Unnamed: 0,admit,gre,gpa,2.0,3.0,4.0,intercept
0,0,380.0,3.61,0.0,1.0,0.0,1.0
1,1,660.0,3.67,0.0,1.0,0.0,1.0
2,1,800.0,4.0,0.0,0.0,0.0,1.0
3,1,640.0,3.19,0.0,0.0,1.0,1.0
4,0,520.0,2.93,0.0,0.0,1.0,1.0


**Visualization of the Results**

In [84]:
# Fitting logistic Regression
from sklearn.linear_model import LogisticRegression
logreg = LogisticRegression(C=10**2)
X = df2[df2.columns[1:]]
y = df2['admit']
output2 = logreg.fit(X, y)

# The right column shows the probability of being admitted: 
print logreg.predict_proba([800,4,0,0,0,1])
print logreg.predict_proba([800,4,1,0,0,1])
print logreg.predict_proba([800,4,0,1,0,1])
print logreg.predict_proba([800,4,0,0,1,1])

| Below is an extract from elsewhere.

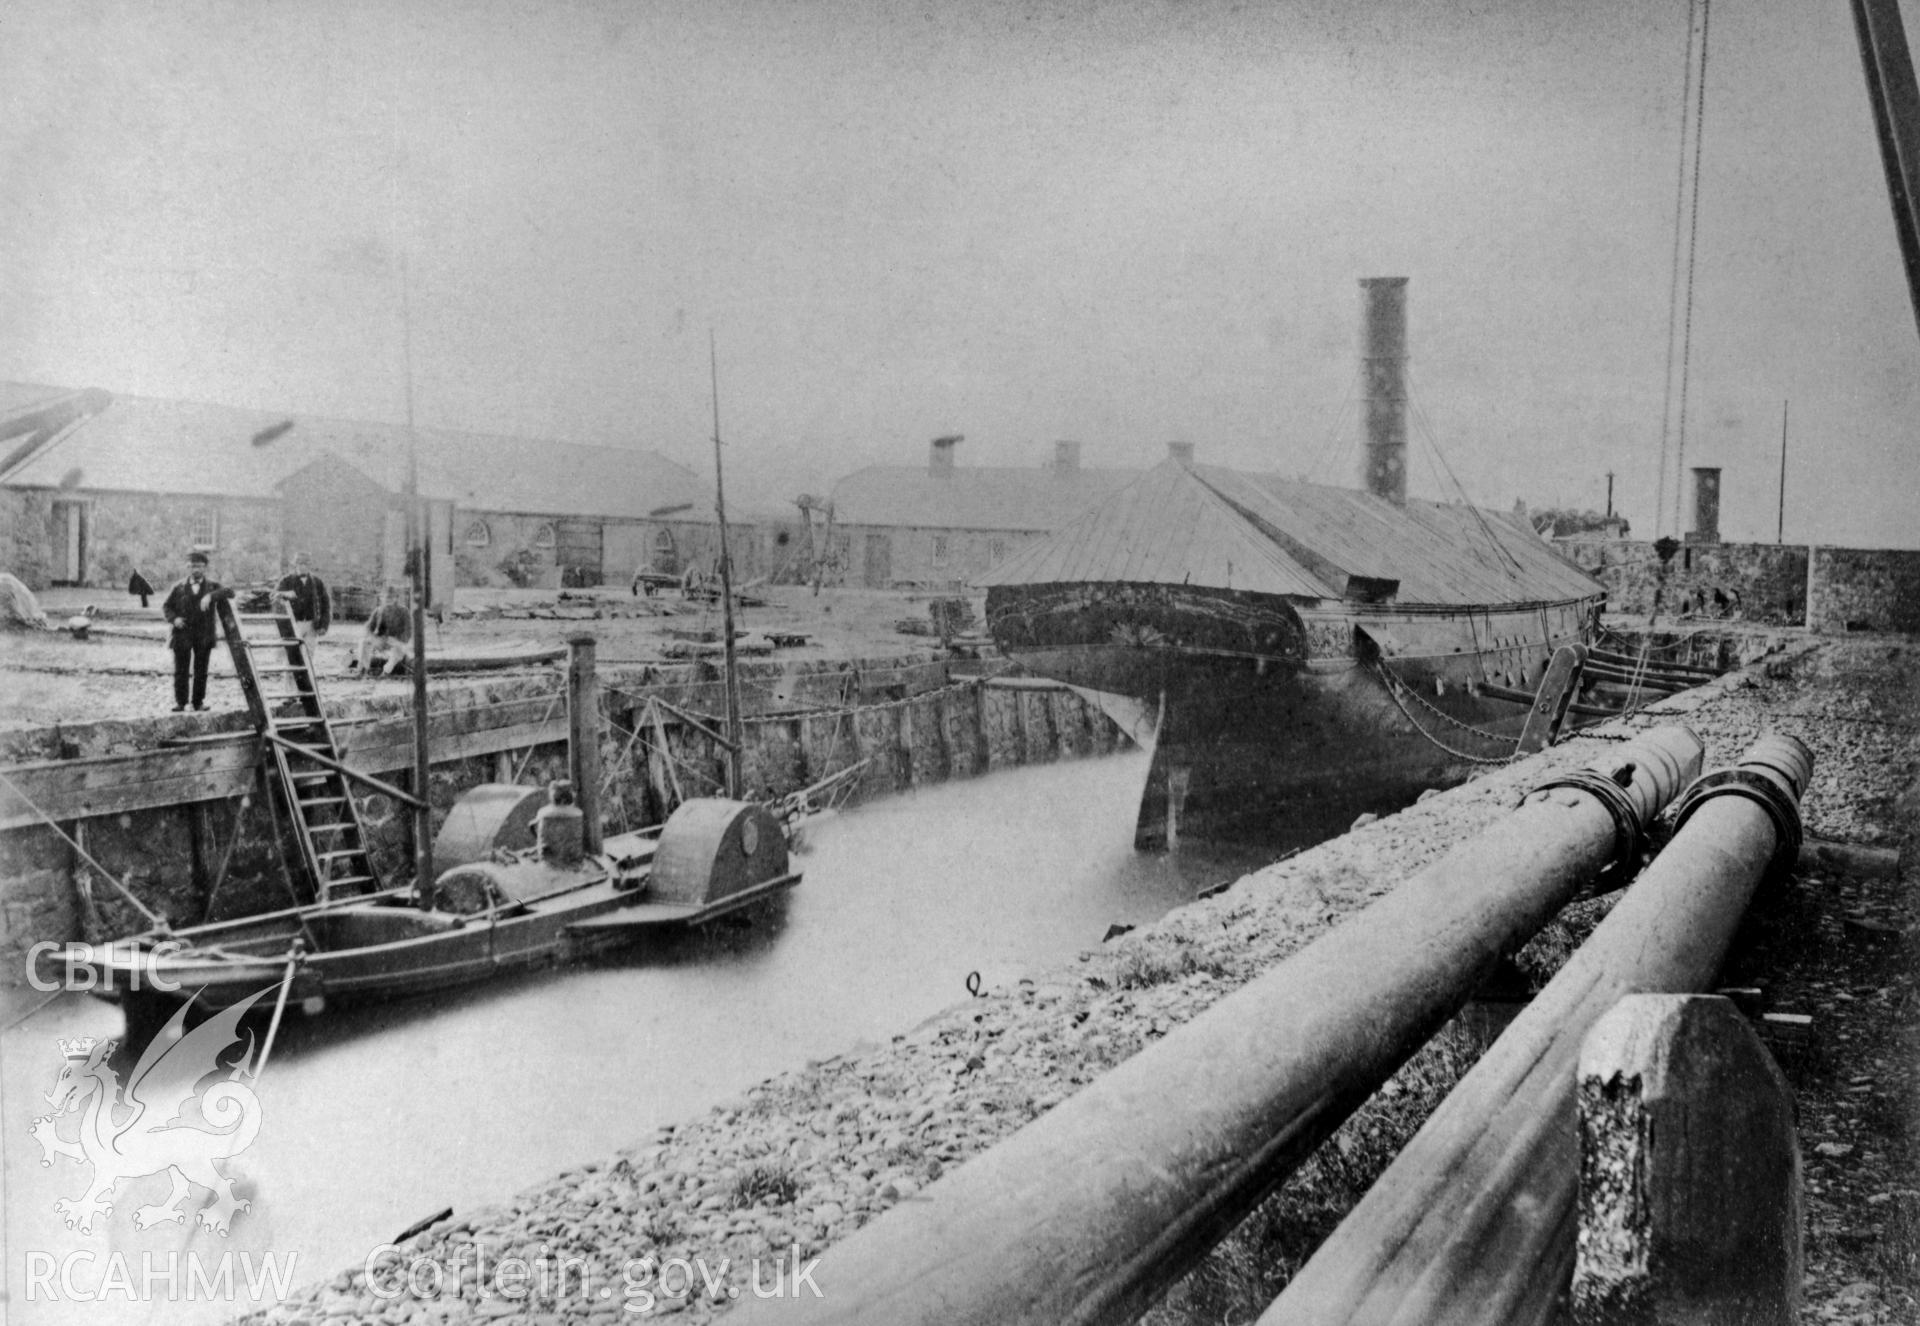 Fort Belan Dockyard with paddletug and steamship.

[[ 0.26806485  0.73193515]]
[[ 0.43171408  0.56828592]]
[[ 0.59768586  0.40231414]]
[[ 0.64528942  0.35471058]]




**Examining Accuracy**

In [85]:
df2['sklearn_admit'] = logreg.predict_proba(X)[:, 1].round()
df2.head(20)

Unnamed: 0,admit,gre,gpa,2.0,3.0,4.0,intercept,sklearn_admit
0,0,380.0,3.61,0.0,1.0,0.0,1.0,0.0
1,1,660.0,3.67,0.0,1.0,0.0,1.0,0.0
2,1,800.0,4.0,0.0,0.0,0.0,1.0,1.0
3,1,640.0,3.19,0.0,0.0,1.0,1.0,0.0
4,0,520.0,2.93,0.0,0.0,1.0,1.0,0.0
5,1,760.0,3.0,1.0,0.0,0.0,1.0,0.0
6,1,560.0,2.98,0.0,0.0,0.0,1.0,0.0
7,0,400.0,3.08,1.0,0.0,0.0,1.0,0.0
8,1,540.0,3.39,0.0,1.0,0.0,1.0,0.0
9,0,700.0,3.92,1.0,0.0,0.0,1.0,1.0


In [86]:
# Here we can see that our sklearn logreg is good at predicting the 0's but but not so good with guessing the admissions. 
#  By running a cross_val_score on accuracy we can see that we are looking at roughly 69%

from sklearn.model_selection import cross_val_score
scores = cross_val_score(logreg, X, y, cv=10, scoring='accuracy')
print('CV Accuracy {}, Average Accuracy {}'.format(scores, scores.mean()))

CV Accuracy [ 0.80487805  0.6         0.725       0.725       0.675       0.7
  0.71794872  0.61538462  0.76923077  0.66666667], Average Accuracy 0.699910881801


In [87]:
# Finding the null accuracy, and here we can see it's just slightly worse if I just guess 
# rejected for every student rather than use our model

print y.value_counts()
print '====================================================='
print ('If I guess 0 for all I will have a probability of *{}* being correct'.format(1 - y.mean()))

0    271
1    126
Name: admit, dtype: int64
If I guess 0 for all I will have a probability of *0.682619647355* being correct


> ## Question 7.  Discussion
> Write up your discussion and future steps.

In conclusion from our we can see that when it comes to students with even accomplishments the prestige of their school plays a large factor in the UCLA acceptance decision.

For future steps I have no doubt we can further tune our model to get a higher prediction of accuracy (the scoring metric I will be using for this problem) by utlizing cross validation to create a more diversified sampling of data. Additionally, for our logistic regression the only parameter we altered was C. We can run grid search to help us further tune our model to our accuracy scoring approach.